The rest of the course was uneventful and lovely; cool SF weather + blocked off streets + Golden Gate Park + running = happy Antonia. The hamstring held, and I arrived at the Great Highway and the Breakers feeling like I could have done the distance double (which is good, as I have a half marathon in three weeks...). After dipping my shoes in the Pacific, a water break, t-shirt collection, and a free bread clip from sponsor Oroweat, I took the Muni Bay to Breakers Express (which took as long as it would have taken me to crawl the distance upside-down with taffy on my hands) back to the starting point and, you guessed it, ran out to the Bay at Embarcadero, dipped my shoes in, and ran up Howard to 9th Street, the leg I'd mirrored earlier.
And now I've done the Bay to Breakers. Which means I don't EVER HAVE TO DO IT AGAIN. Give me a nice old-fashioned 5000 participant half-Ironman triathlon, thank you very much.

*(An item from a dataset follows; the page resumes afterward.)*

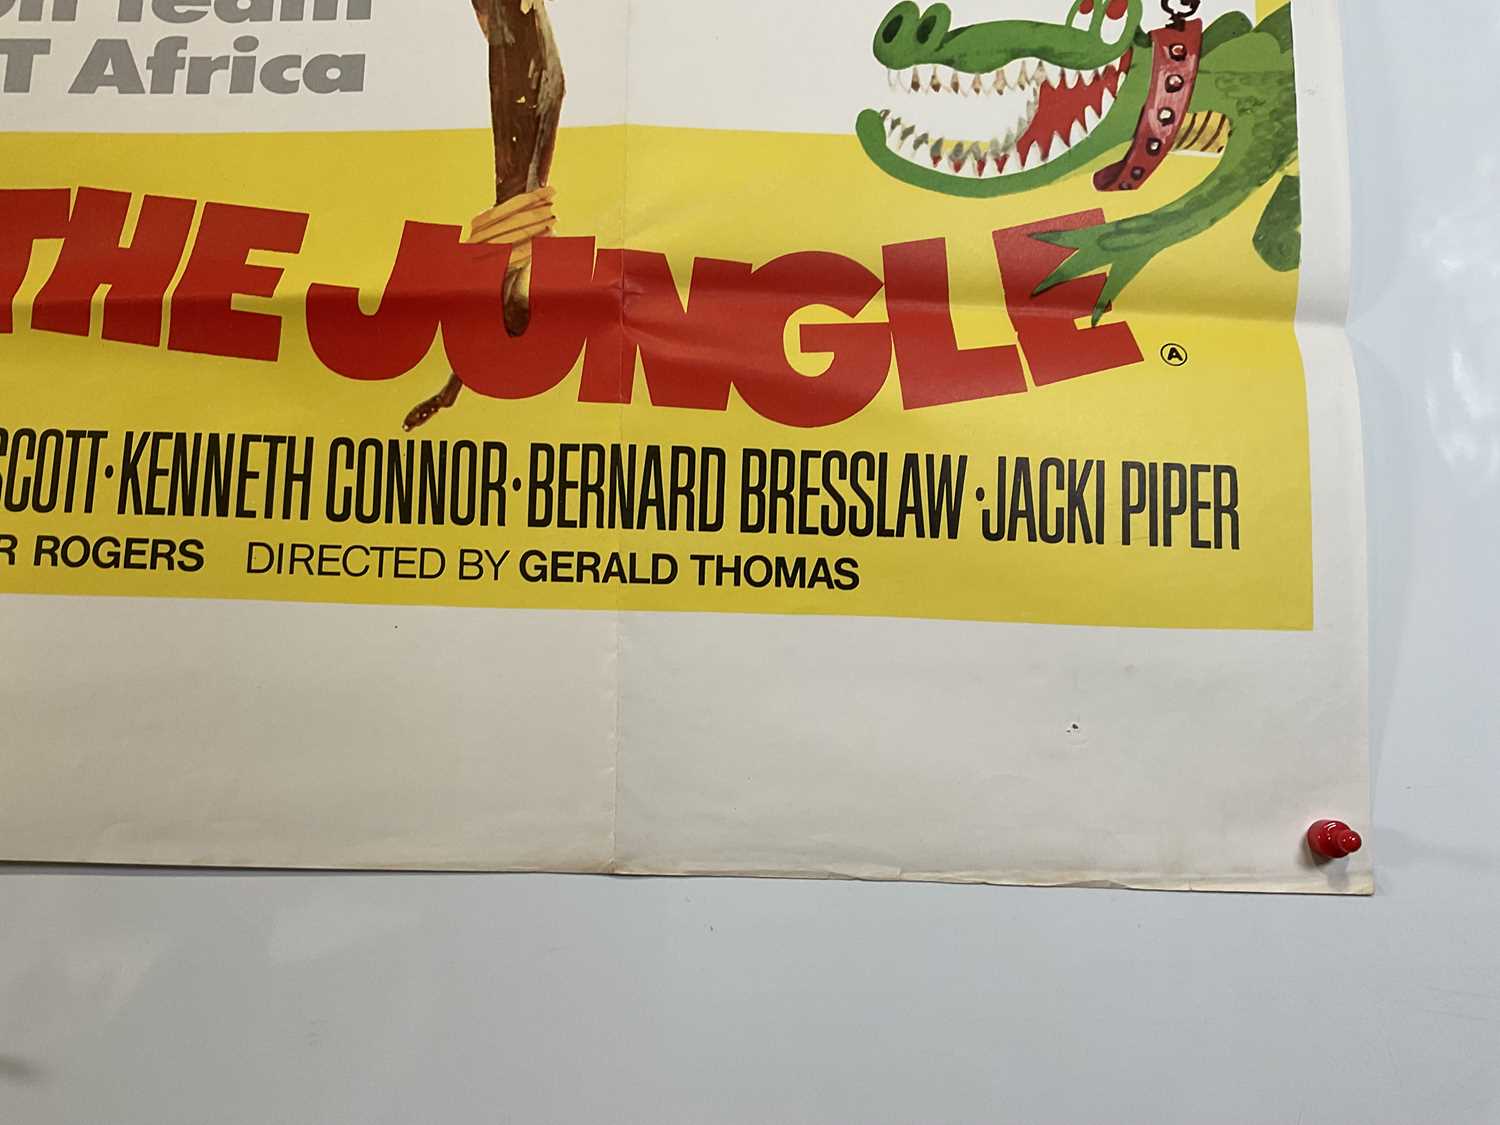 CARRY ON UP THE JUNGLE (1970) UK Quad film poster featuring Renato Fratini artwork, folded. - Image 5 of 6

P.S. If none of this makes any sense whatsoever to you, either I must appologize for being a bad writer (which I do) or I will provide the website to the Bay to Breakers so that you can read up on what I'm talking about if you're unfamiliar with the event: www.baytobreakers.com

Thursday, May 12, 2005

A Question of Slinkys and Goats

Regarding the question (see full profile) of well-escapage with the tools provided (goat + slinky):
Way #1 - Unfortunately I can't kill the goat, as I'm a vegan, but assuming I was able to outlast the goat and it died of natural causes, and assuming the slinky was metal, I would break off a sharp piece of the slinky, gut the goat, build a ladder out of tendons and bones, and climb out.
Way #2 - The goat being no use at all when alive, I would ignore the goat, break the (assuming) metal slinky into four pieces, put the pieces over my hands and feet, and (assuming a well width conducive to this method) climb up the well spread-eagle style, using the slinky bits as crampon-like traction-giving devices.